Factors such as the magnitude of the astigmatism and its axis determine which of the astigmatism corrective methods will be preferred [8,9,10]. For this reason, it is important to make accurate preoperative measurements. Nowadays, optical biometry devices based on the principle of partial coherence interferometry and optical low coherence reflectometry are widely used [11]. It has been proven that devices using these technologies make more accurate and sensitive measurements than traditional methods [12,13].
Although several population-based studies have reported the prevalence and axis distribution of corneal astigmatism, data directly comparing age-related astigmatic patterns across different geographic regions remain limited [14,15]. The aim of the present study is to evaluate the frequency, magnitude, type, and age-related distribution of corneal astigmatism measured using the IOL Master 500 in a large cohort of cataract surgery candidates. By providing detailed demographic and astigmatism-related data, this study aims to support surgical planning and to estimate the proportion of patients who may benefit from astigmatic correction, particularly toric IOL implantation.
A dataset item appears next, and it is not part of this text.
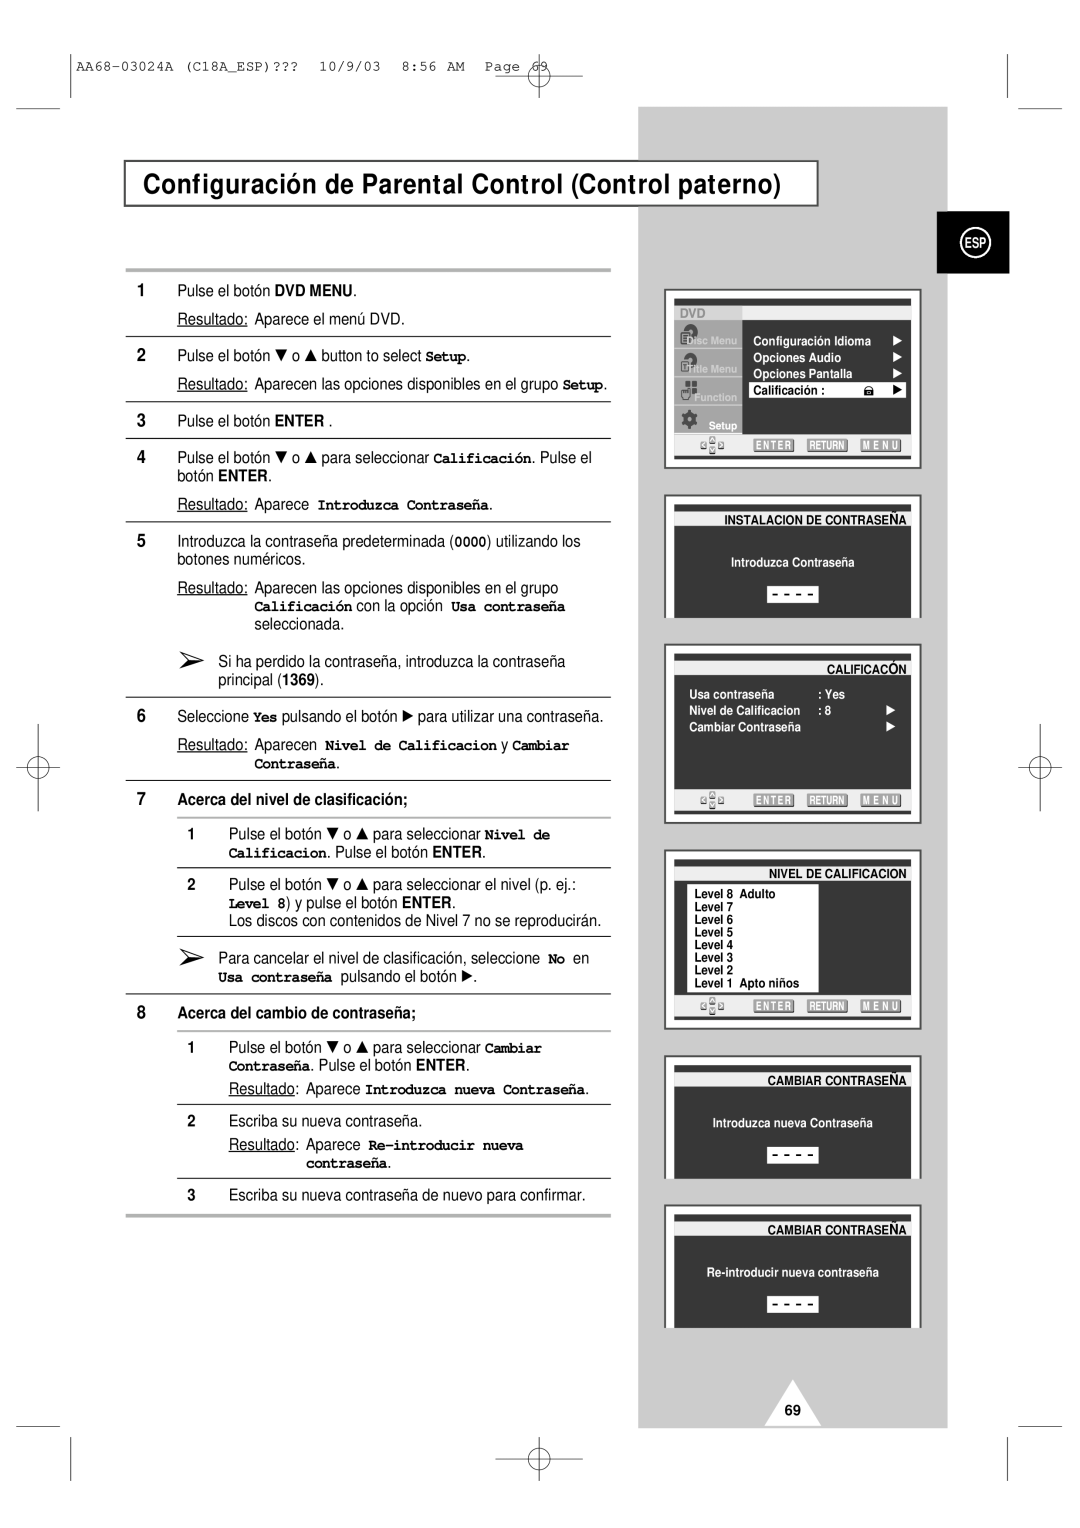 Samsung UW17J11VD5XXEF manual Configuración de Parental Control Control paterno, Resultado Aparece Introduzca Contraseña 
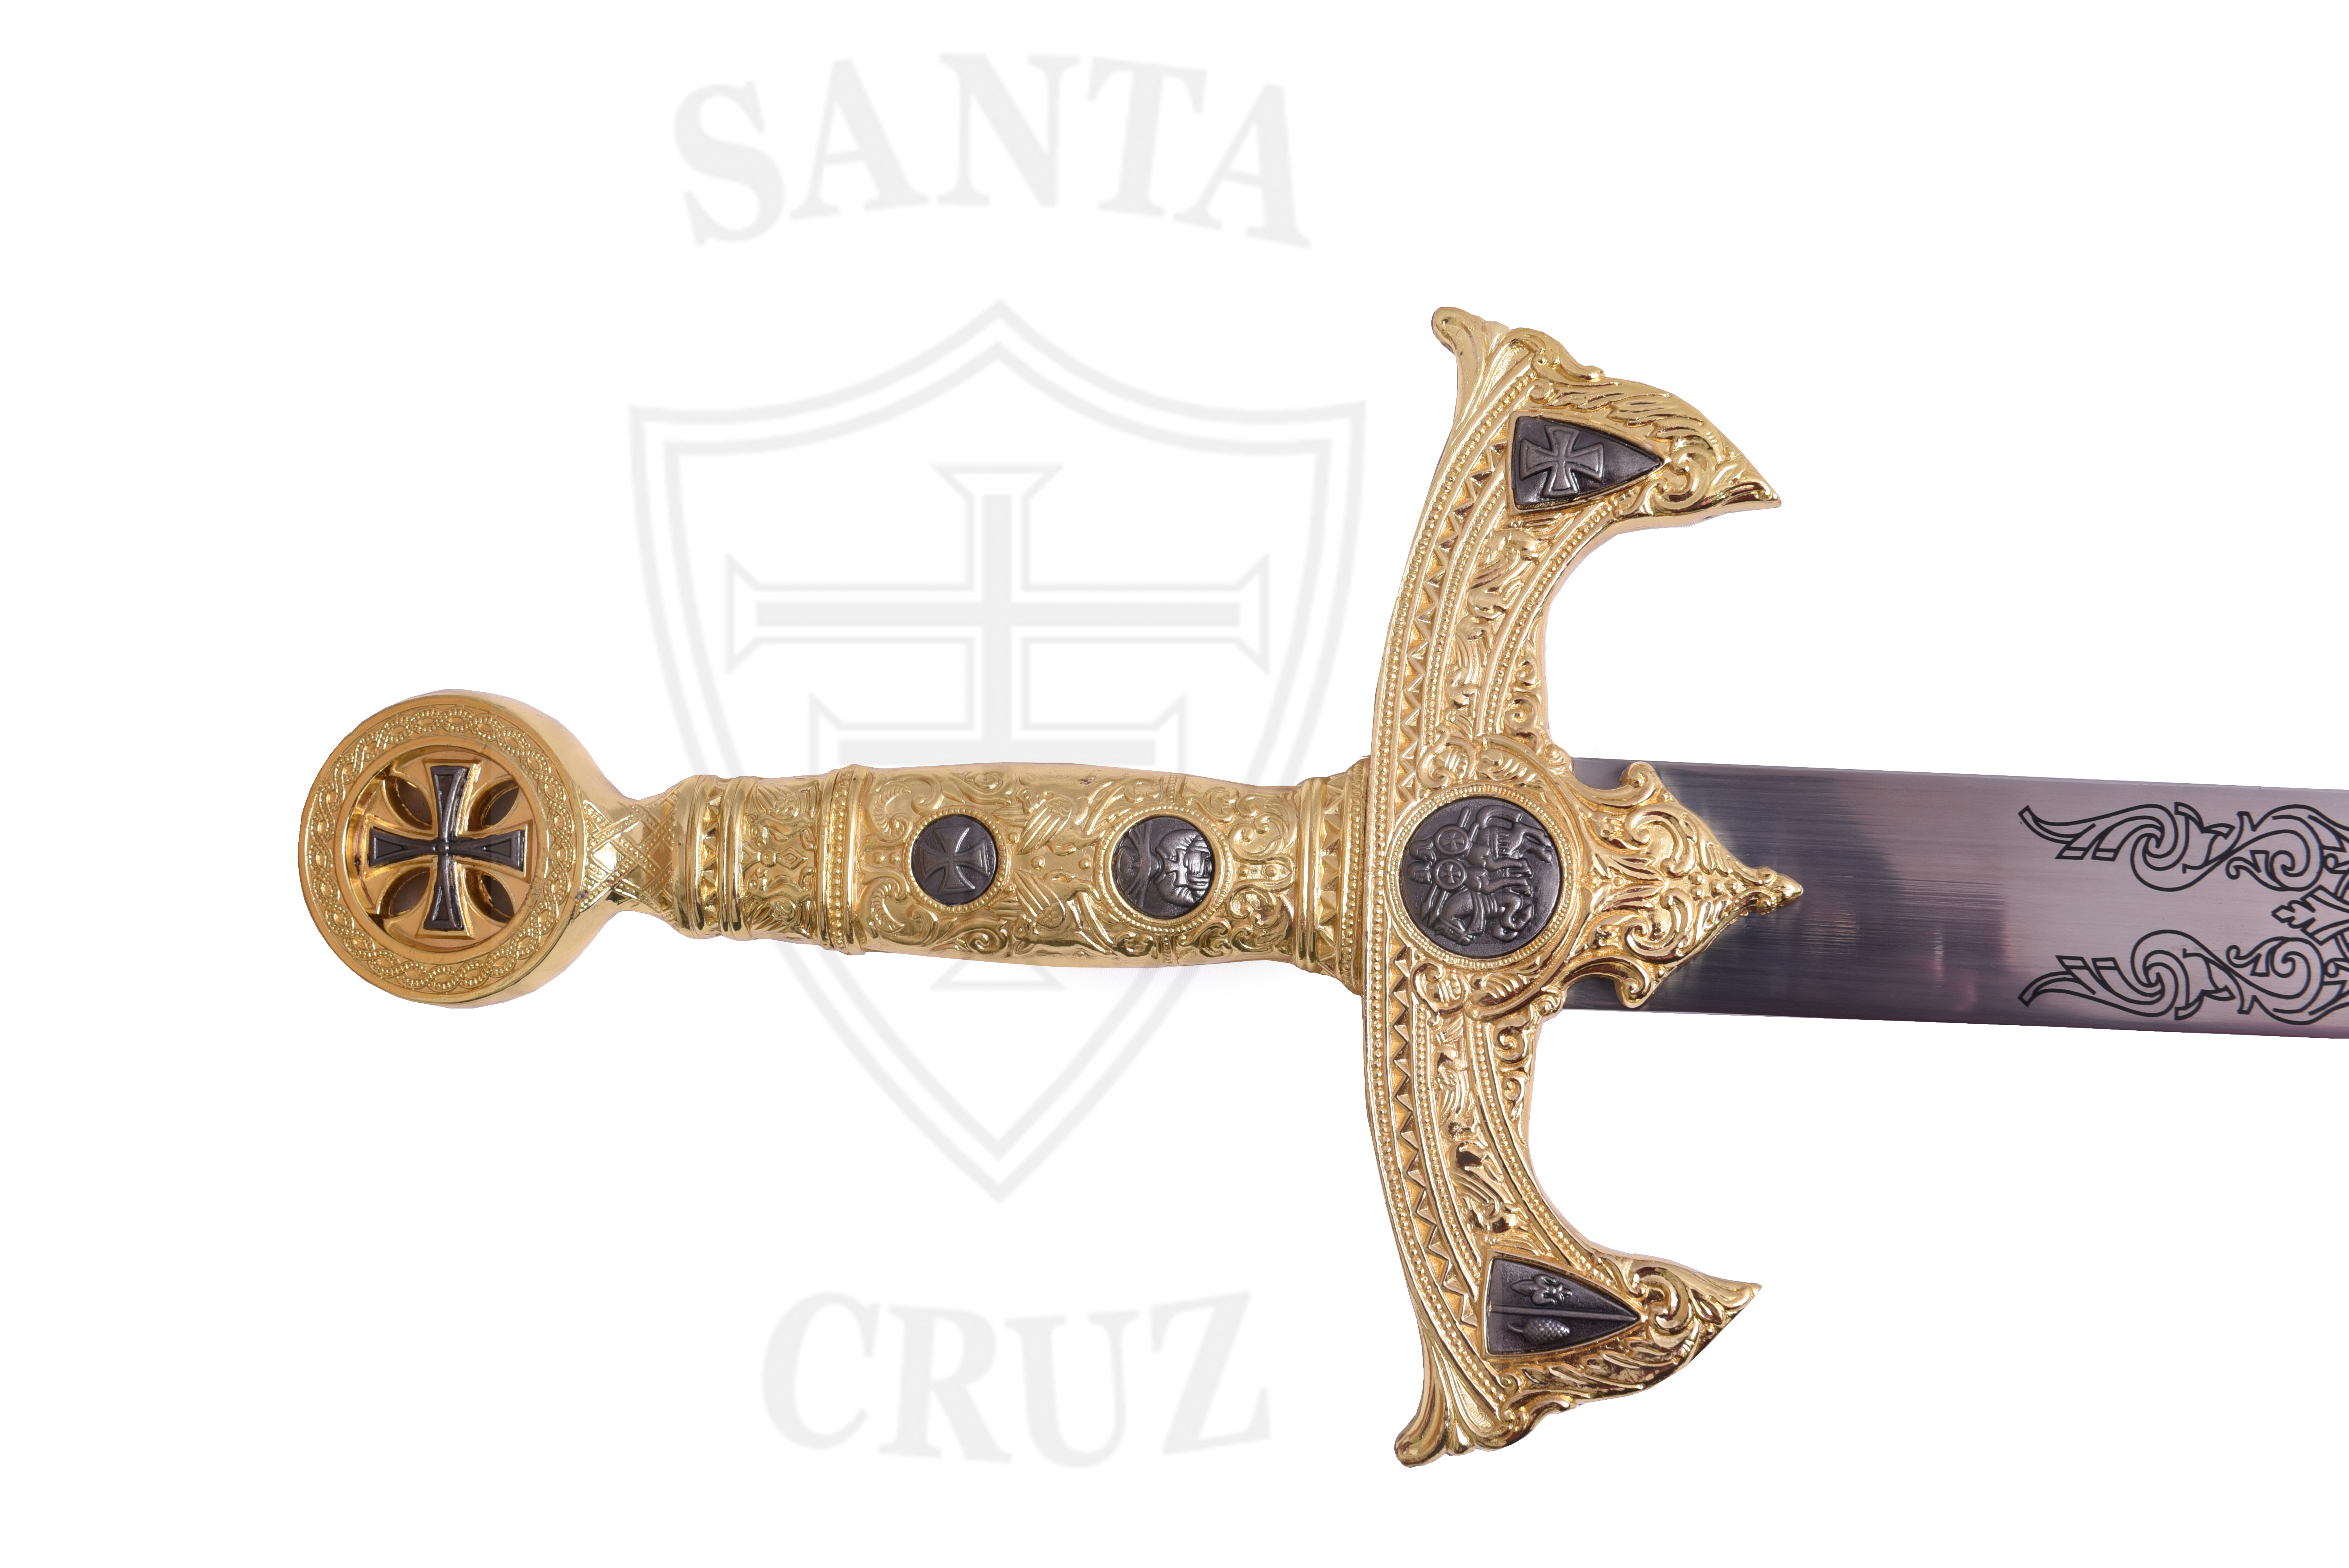 Espada Santa Cruz

In addition, the findings are discussed in the context of previously published data from different countries in order to highlight geographic similarities and differences in corneal astigmatism patterns, with a specific focus on age-related changes.
2. Materials and Methods
2.1. Study Design
In this retrospective, cross-sectional and observational study, data on 2152 eyes that underwent cataract surgery between July 2023 and April 2024 at Gulhane School of Medicine, Department of Ophthalmology, were evaluated. The study was conducted in accordance with the ethical principles of the Declaration of Helsinki and was approved by the Scientific Research Ethics Committee of the University of Health Sciences (approval number 2025-193).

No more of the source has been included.